NHS trusts have established governance processes to monitor value for money and return on investment in line with Government policy. The guidance will support NHS procurement teams to do this with information on best practice for setting key performance indicators, baselining, and contract management.
Asked by: Al Pinkerton (Liberal Democrat - Surrey Heath)

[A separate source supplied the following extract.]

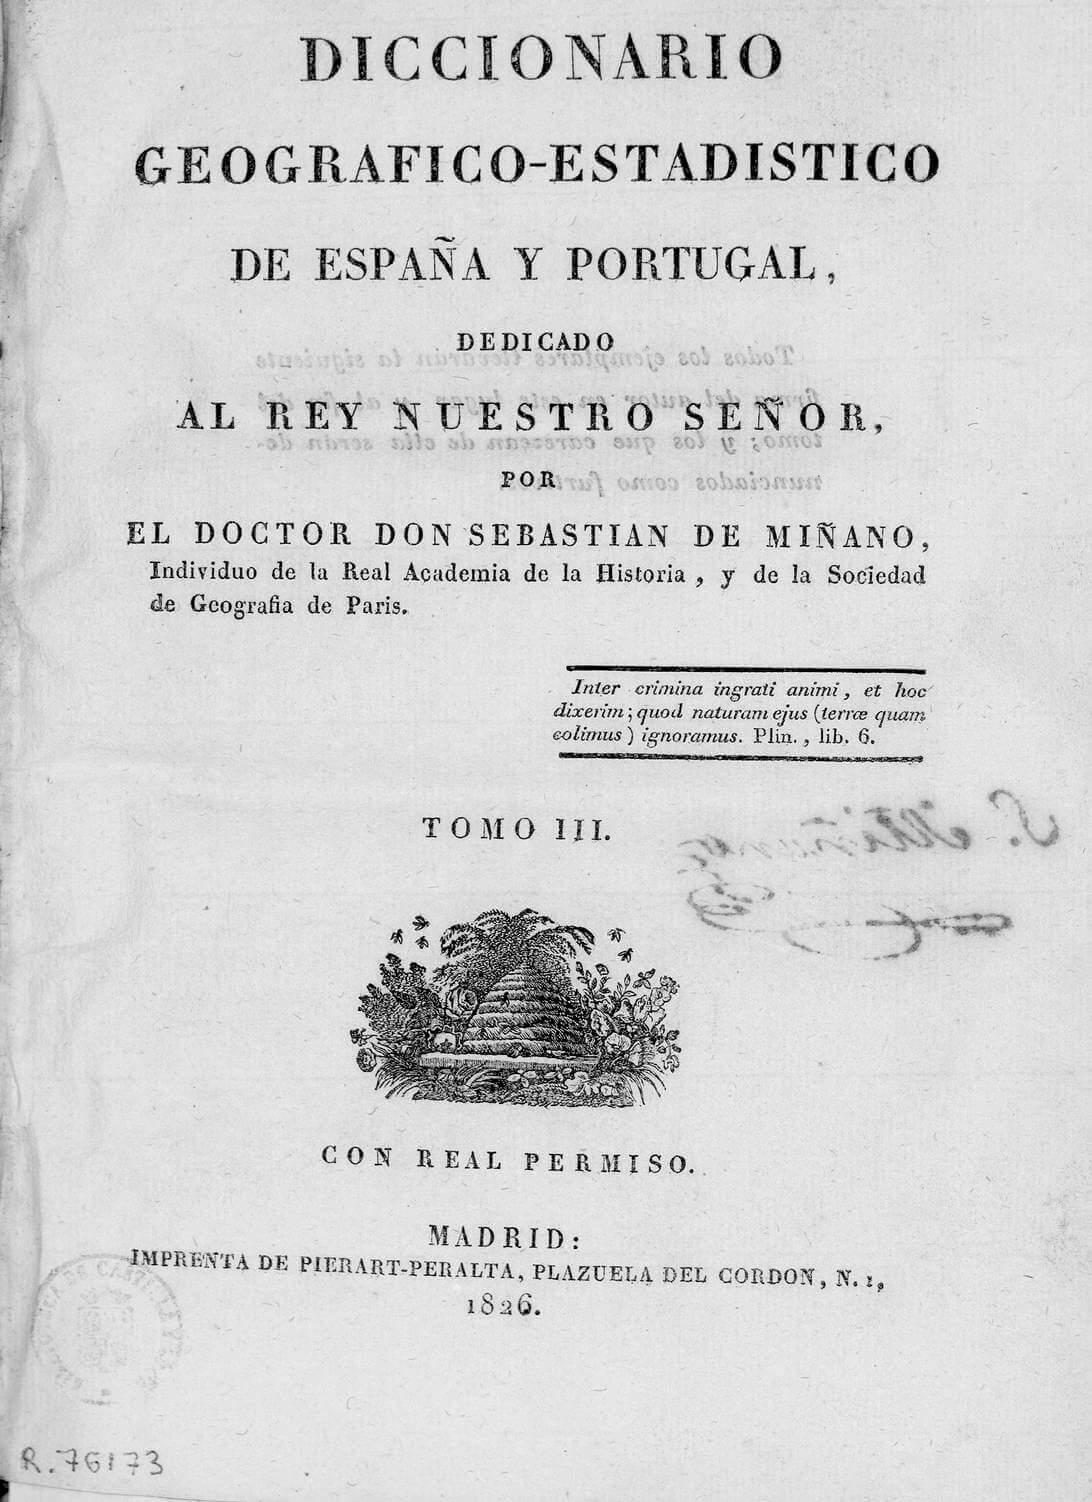 Diccionario geográfico histórico de España y Portugal. Madrid 1826

Question to the Department of Health and Social Care:
To ask the Secretary of State for Health and Social Care, what steps his Department is taking to raise awareness of the health risks associated with (a) unlicensed or (b) illicit medicines among patients in (i) Surrey and (ii) Surrey Heath constituency.
Answered by Zubir Ahmed - Parliamentary Under-Secretary (Department of Health and Social Care)
The Medicines and Healthcare products Regulatory Agency (MHRA), acting on behalf of my Rt Hon. Friend, the Secretary of State for Health and Social Care, is responsible for the regulation of medicines intended for human use in the United Kingdom. This includes applying the legal controls on the retail sale, supply, and advertising of medicines, which are set out in the Human Medicines Regulations 2012.
Sourcing weight loss medicines from unregulated suppliers significantly increases the risk of receiving a product which is either falsified or not authorised for human use. Products purchased in this way will not meet the MHRA’s strict standards for quality, safety, and efficacy and can therefore expose patients to incorrect dosages or dangerous ingredients.
Public safety is the number one priority for the MHRA, and its Criminal Enforcement Unit works hard to prevent, detect, and investigate illegal activity involving medicines and medical devices and takes robust enforcement action where necessary. It works closely with other health regulators, customs authorities, law enforcement agencies, and private sector partners, including e-commerce and the internet industry to identify, remove and block online content promoting the illegal sale of medicines and medical devices.
The MHRA seeks to identify and, where appropriate, prosecute online sellers responsible for putting public health at risk. Between 1 April 2024 and 31 March 2025, the MHRA and its partners seized approximately 17 million doses of illegally traded medicines with a street value of more than £37 million.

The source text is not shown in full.